Огненная кровь. Том 2 (СИ) - Зелинская Ляна. Страница 55
— Конечно, я не сержусь. Ничего ведь не произошло. И я понимаю твоё беспокойство о доме Драго и его будущем, — ответила Иррис, пожав плечами.
Гасьярд взял с подноса бокал, слуга предложил другой Иррис, и она тоже взяла его, чтобы чем-то занять руки.
Где же Альберт?
— Выпьем за будущее понимание и за то, чтобы всё для всех сложилось удачно, — Гасьярд чуть поднял свой бокал и улыбнулся.
— Конечно, — ответила она, и хрустальные края бокалов ударились друг о друга, чуть звякнув.
Ей хотелось, чтобы он быстрее ушёл, и она пригубила вино.
Вино было вкусным. И она сделал ещё глоток. А потом ещё.
Это как раз, то, что нужно, чтобы унять сердцебиение и успокоиться перед предстоящим разговором.
Эверинн, Хейда и Себастьян появились последними, и та самая Ребекка, которую все ждали, шла между ними.
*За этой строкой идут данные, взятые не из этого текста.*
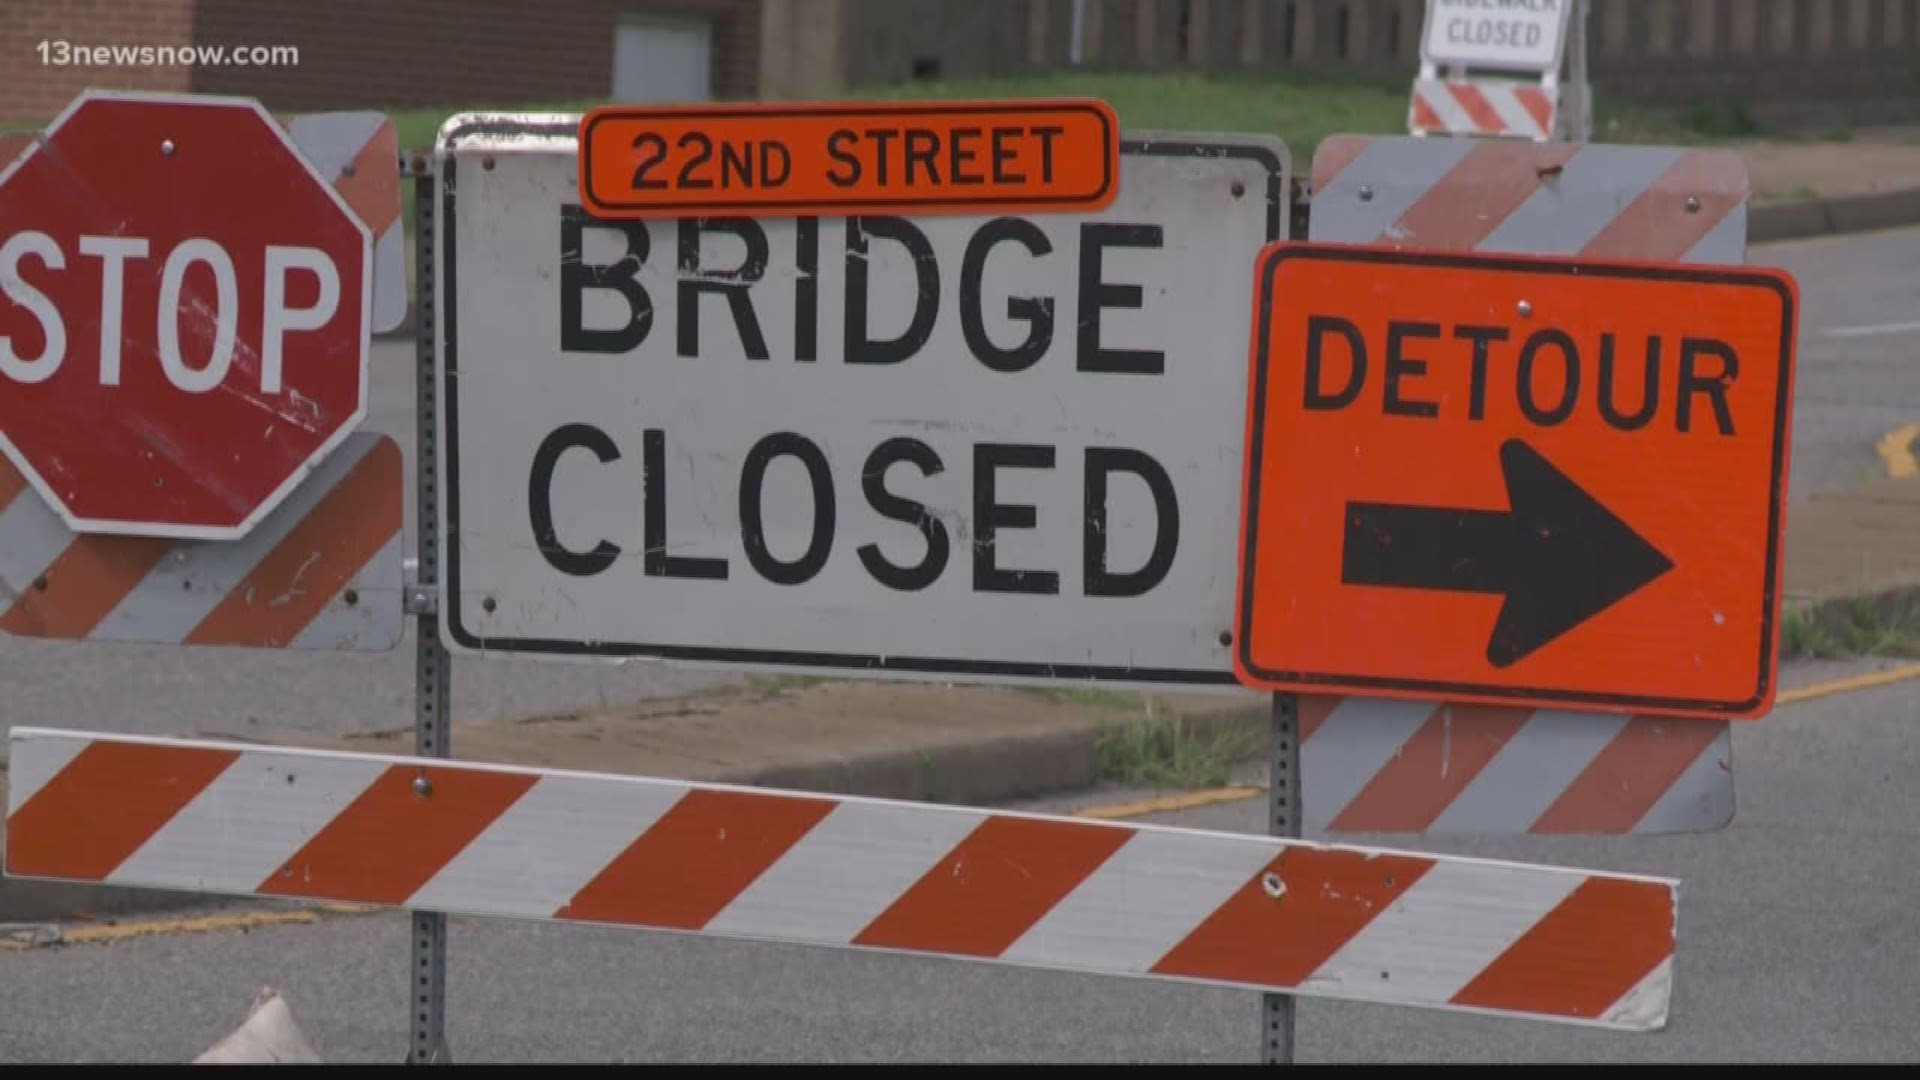 The 22nd Street Bridge in Chesapeake was abruptly closed Wednesday after public works crews discovered serious deterioration during their annual inspection.

Достаточно было лишь одного взгляда, чтобы понять, что эта женщина чувствует себя здесь, как дома, и что, не зная, кто она на самом деле, Иррис сразу решила бы, что она — одна из Драго. Так сильно она напоминала их всех. Красивая, надменная, с тысячей разных улыбок, и для каждого своей. Чёрные волосы перевиты жемчугом, фарфоровая кожа, голубые глаза, изящество движений — она бы затмила и Милену с Таиссой, но была слишком умна для этого. Едва вошла — обняла каждую из сестёр и рассыпалась в комплиментах их красоте, уму и чудесной обстановке дома.
Праздник лицемерия…
Эверинн представила ей Иррис как невесту Себастьяна. И Ребекка одарила её таким же пышным букетом комплиментов, но острый взгляд успел охватить её всю с ног до головы.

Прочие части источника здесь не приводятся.